The question that then arises is whether either the Police Regulation Act
or the Police Regulations reveals clearly either by
express words or necessary
implication that the intention of the legislature was that the privilege
should not be available in relation
to reg.95A(7). The provisions of the Act
itself are relevant only in so far as they show that the provision now
directly in question
(reg.95A(7)) is part of a statutory scheme which provides
for the regulation and control of a police force - a body upon whose
efficiency
and probity the State must depend for the security of the lives and
property of its citizens and a body which can operate effectively
only under
proper discipline. "In deciding whether a statute impliedly excludes the
privilege much depends on the language and character
of the provision and the
purpose which it is designed to achieve": Pyneboard Pty. Ltd. v. Trade
Practices Commission, at p.241 (p.618
of A.L.R.). Regulation 95A(7) is not a
provision which itself authorizes the holding of an interrogation or expressly
confers a power
to require answers to be given to questions. The regulation
applies to orders of a variety of kinds and in many if not most cases
in which
the disobedience of a lawful order is alleged the privilege against giving
answers which might tend to incriminate or expose
to penalty could not have
any possible relevance. Starke J. regarded the fact that the words of the
regulation are of the widest
possible description and apply to lawful orders
of every kind as indicating that it is improbable that the legislature ever
turned
its mind to the principle of self-incrimination when framing its
provisions. With great respect I would regard the matter differently;
it
seems to me that the character of the regulation, which is primarily designed
to secure the obedience to orders rather than to
compel the answering of
questions, indicates both that the application of the privilege would be
inappropriate and that the obligation
to obey lawful orders is not intended to
be subject to any unexpressed qualification. This view is supported by the
fact that if
it were possible to claim the privilege, a difficulty would arise
as to when and by whom it should be decided whether the claim was
properly
made.
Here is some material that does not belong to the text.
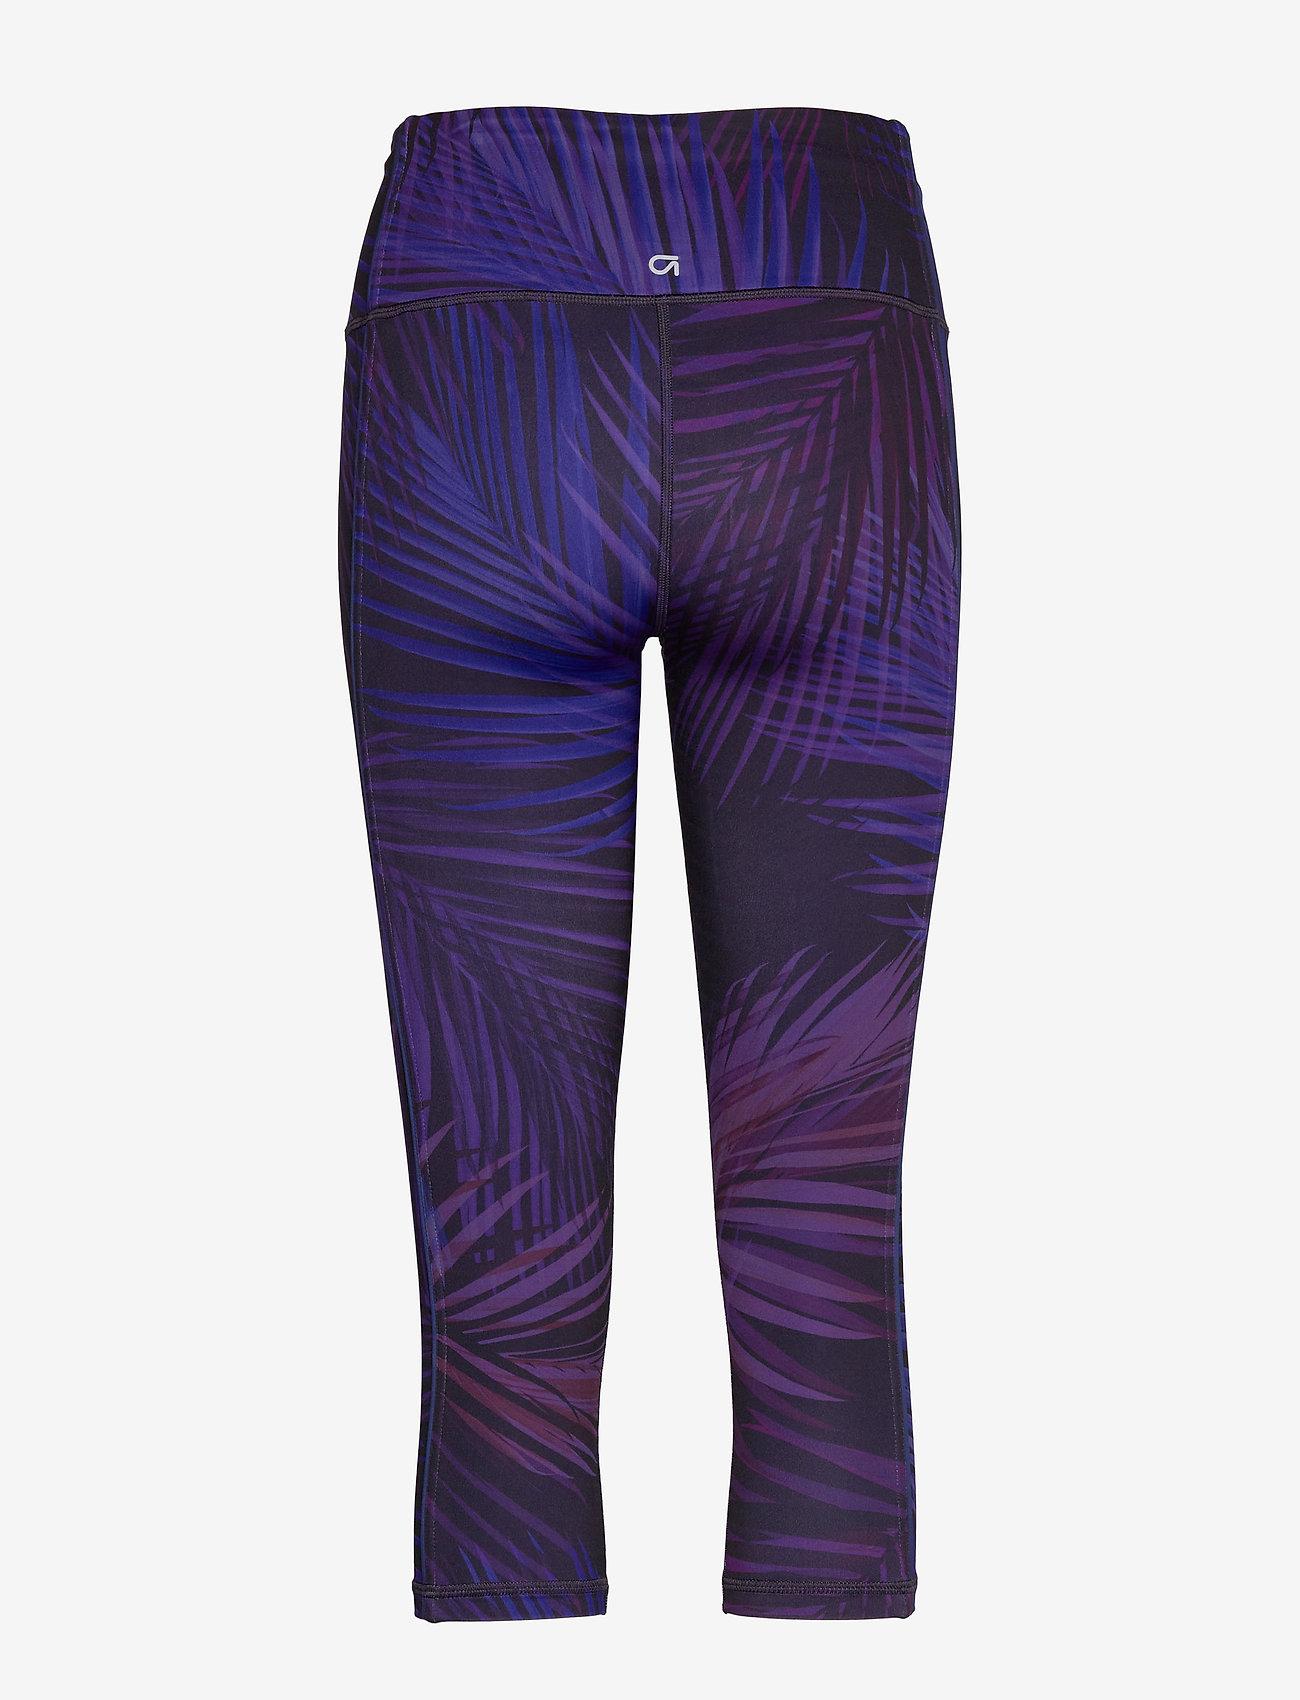 GAP - GapFit High Rise Capris in Eclipse - running & training tights - indigo palm print - 1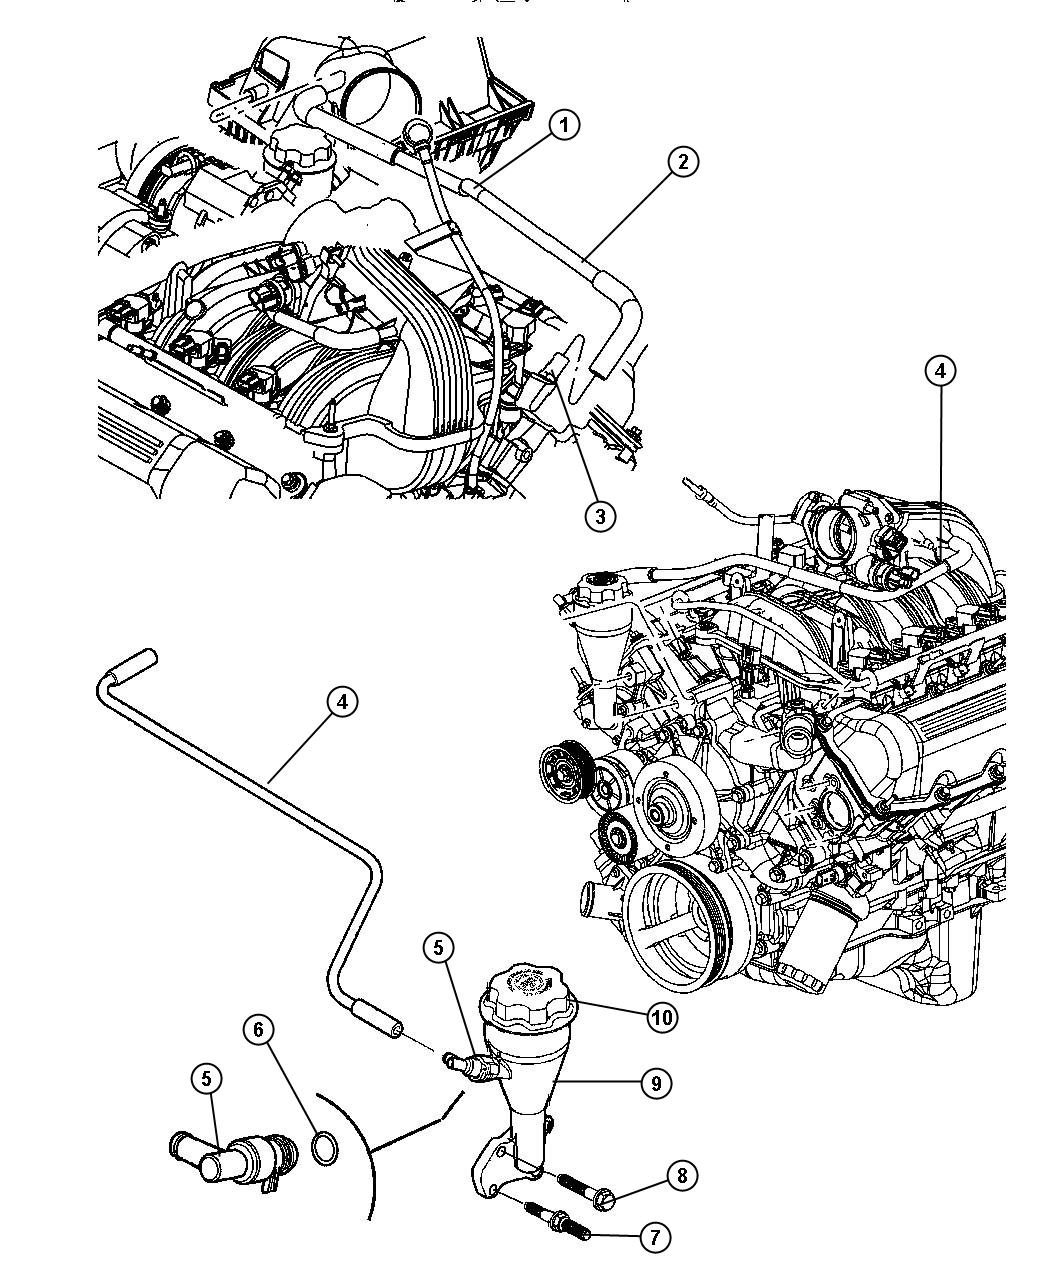 Dodge durango pcv valve location 2007 dodge nitro engine spark plug diagram at ww

We are not concerned with the question whether privilege could be
claimed once the hearing of a charge had been commenced
under s.88(3), (4), or
(5), but with the question whether, when a police officer orders a subordinate
to supply information concerning
the manner in which he carried out his
duties, the subordinate may object to obeying the order. The difficulty that
would arise if
the privilege could be claimed in this case is that which was
pointed out by Mason A.C.J., Wilson and Dawson JJ. in Pyneboard Pty.
Ltd. v.
Trade Practices Commission, at p.240 (p.617 of A.L.R.): "There is in addition
the problem of deciding whether it is for the
authority requiring the answer,
production of documents or the provision of information, or the court in
subsequent proceedings by
way of prosecution for an offence to decide whether
the claim for privilege is correctly made. It is difficult to suppose that the
determination is to be left to an unqualified person. And there are practical
problems in leaving the determination of the correctness
of the claim for
privilege to a court in proceedings by way of prosecution for the offence of
refusing to answer questions, provide
information or produce documents". If
the decision whether the claim for privilege was correctly made in a case
arising under reg.95A(7)
was left to the police officer who had given the
order requiring the answer, the determination of the question would be made by
an
unqualified person. The same would be true if the decision had to be made
by a police officer to whom the charge had been referred
under s.88(2) or by
the Chief Commissioner. The position would be different if the charge were
heard by the Police Discipline Board,
a tribunal one member of which is a
Stipendiary Magistrate, but there would remain the practical problem that the
correctness of
the claim would fall for decision only on the hearing of a
charge. These considerations support the view that to allow the privilege
would be incongruous in the present case.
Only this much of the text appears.